┏━━

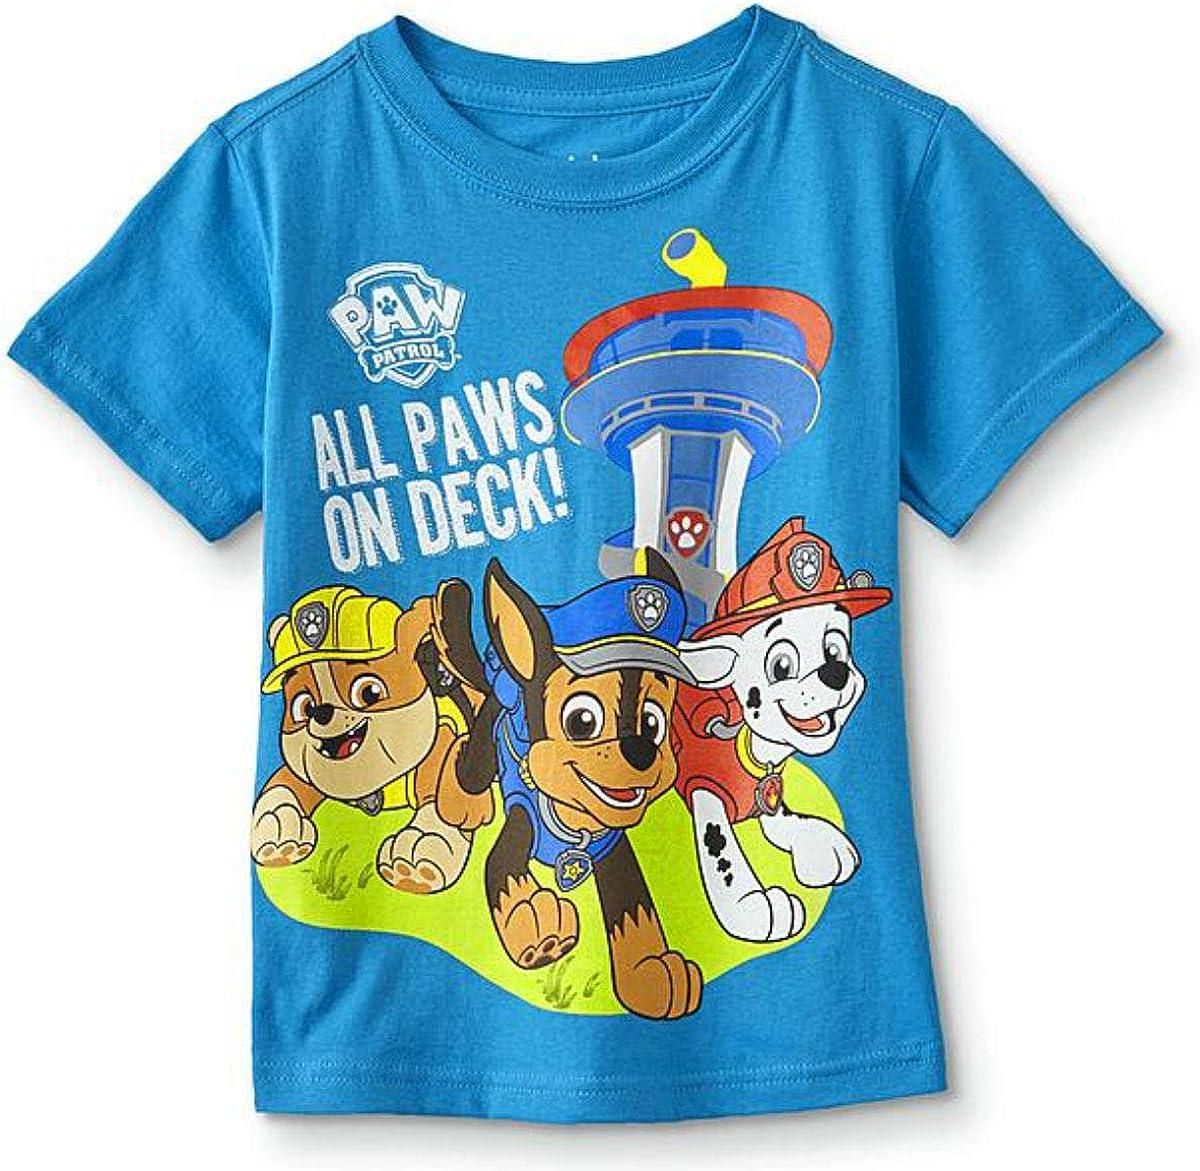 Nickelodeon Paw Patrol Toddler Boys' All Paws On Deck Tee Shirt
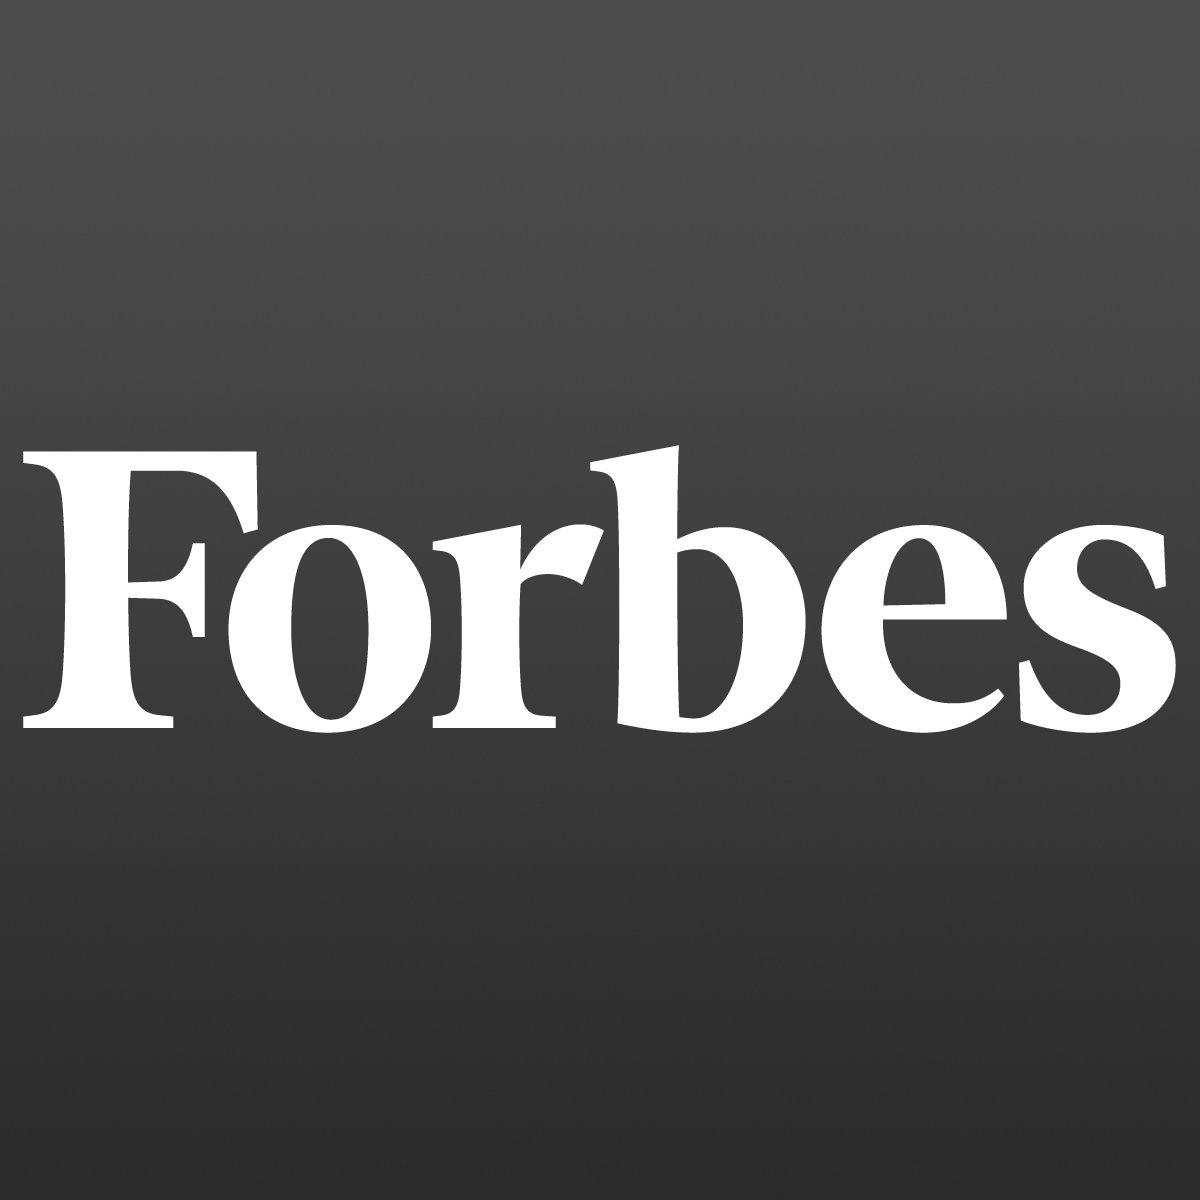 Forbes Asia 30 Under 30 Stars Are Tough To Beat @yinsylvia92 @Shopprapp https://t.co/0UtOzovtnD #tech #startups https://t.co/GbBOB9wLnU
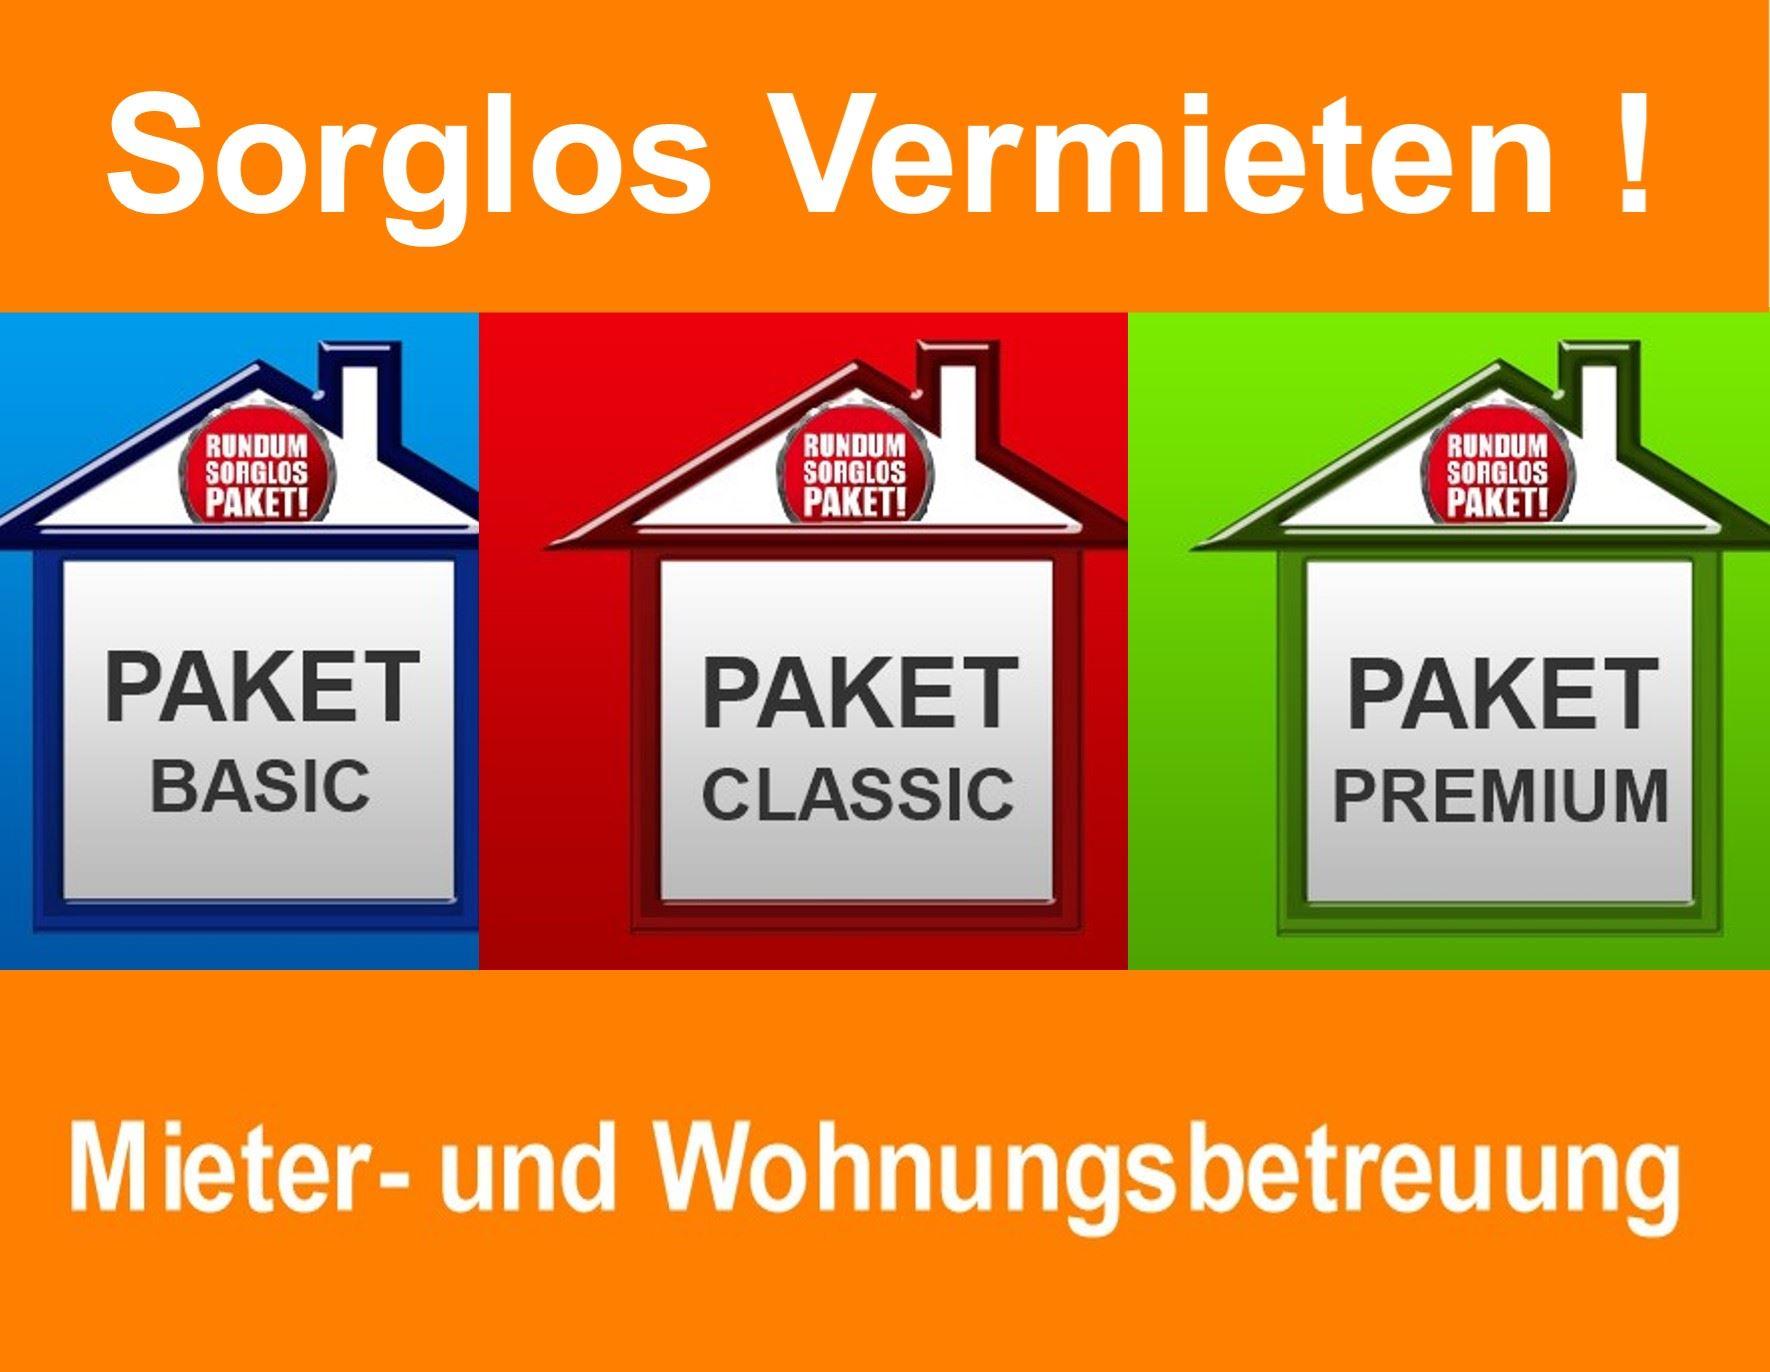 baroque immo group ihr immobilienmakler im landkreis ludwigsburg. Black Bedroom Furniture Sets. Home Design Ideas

┗━━

◆ What the exercise asks ◆
Skip the pictures and write out exactly the lines from the line containing "Forbes Asia 30" through the end of the listing above.

◆ Your solution ◆
 Forbes Asia 30 Under 30 Stars Are Tough To Beat @yinsylvia92 @Shopprapp https://t.co/0UtOzovtnD #tech #startups https://t.co/GbBOB9wLnU
 baroque immo group ihr immobilienmakler im landkreis ludwigsburg. Black Bedroom Furniture Sets. Home Design Ideas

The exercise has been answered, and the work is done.